Tuesday, June 24, 2014

Virginia Cuts Crab Harvest

But not very much: Va. officials reduce female blue crab harvest limit
Whatever the reason, the number of female blue crabs in the Chesapeake have fallen below the level considered safe, and state officials on Tuesday made a move they hope will reverse the trend.

The Virginia Marine Resources Commission voted to reduce the pounds of female crabs watermen can harvest in the Chesapeake Bay by 10 percent starting on July 5. The rule will last for one year.

Female crab numbers have fallen to an estimated 69 million, just below the minimum of 70 million, according to most recent annual winter survey of crabs. Overall, crabs are at their lowest levels since 2008.

The last time the number of females fell this low was in 2002, when 55 million were present. The estimates are based on samples from 1,500 sites around the bay.

The 10-percent reduction will be achieved by lowering bushel limits on female crabs.
A 10% reduction is probably within the noise band of the population estimates, and almost certainly within the error (shortage) on the reported harvest, so the reduction is mostly for appearances.  If they were serious about protecting crabs, they'd cut back the harvest more like 20-50%.
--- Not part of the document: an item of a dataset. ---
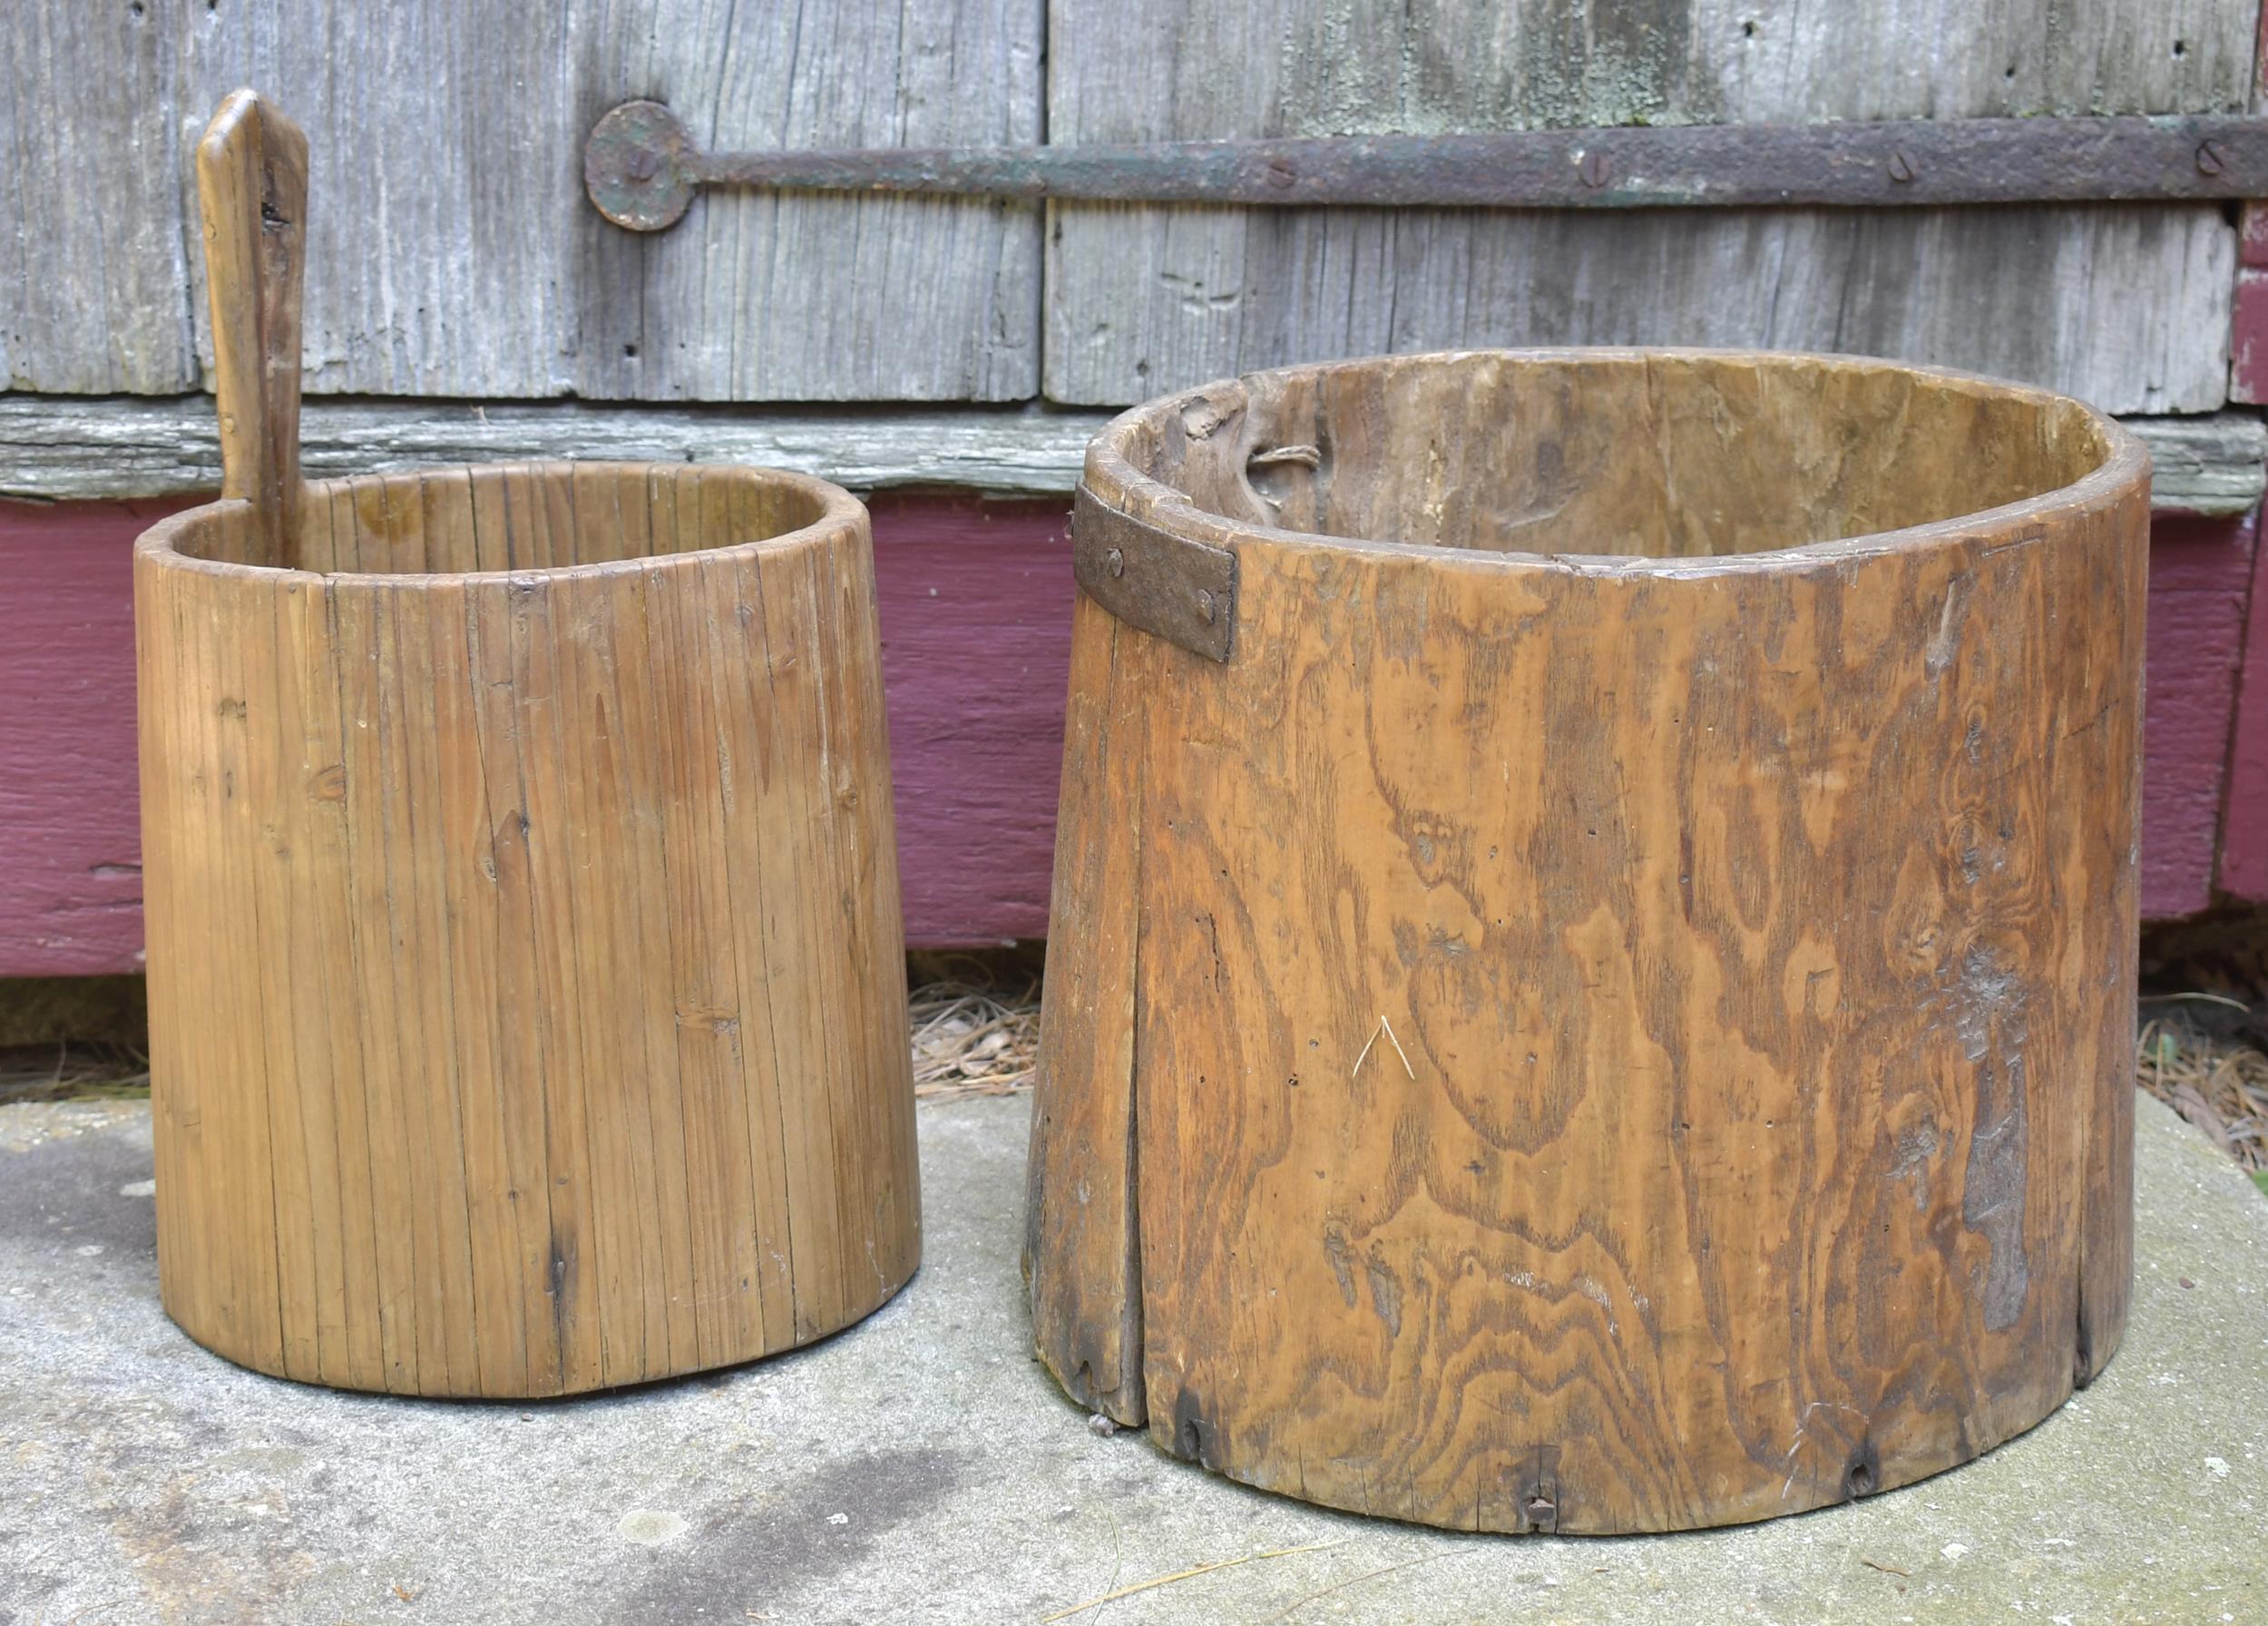 TWO EARLY WOOD BUCKETS. 18th C.

That said, crab recruitment and harvest is highly variable from year to year without much apparent cause (it's probably weather), and it's just as likely for there to be a banner crop next year, and if that happens they'll be quick to claim credit.

In other crab news, Crabs cringe at sound of predators
In horror flicks, creepy soundtracks are used to help scare the living daylights out of people. In a lab, two researchers used a similar device to freak out mud crabs in an effort to prove they can hear.

The researchers placed the crabs in a big tank and piped in sounds commonly made by fish that eat them. The crabs were scared stiff.

When mating calls and nest defense grunts of hardhead catfish and black drum fish played through an underwater speaker, the crabs didn’t dare venture out to dine on the juicy, defenseless juvenile clams the researchers set out for them.
I wonder if they've learned to fear watermen's voices.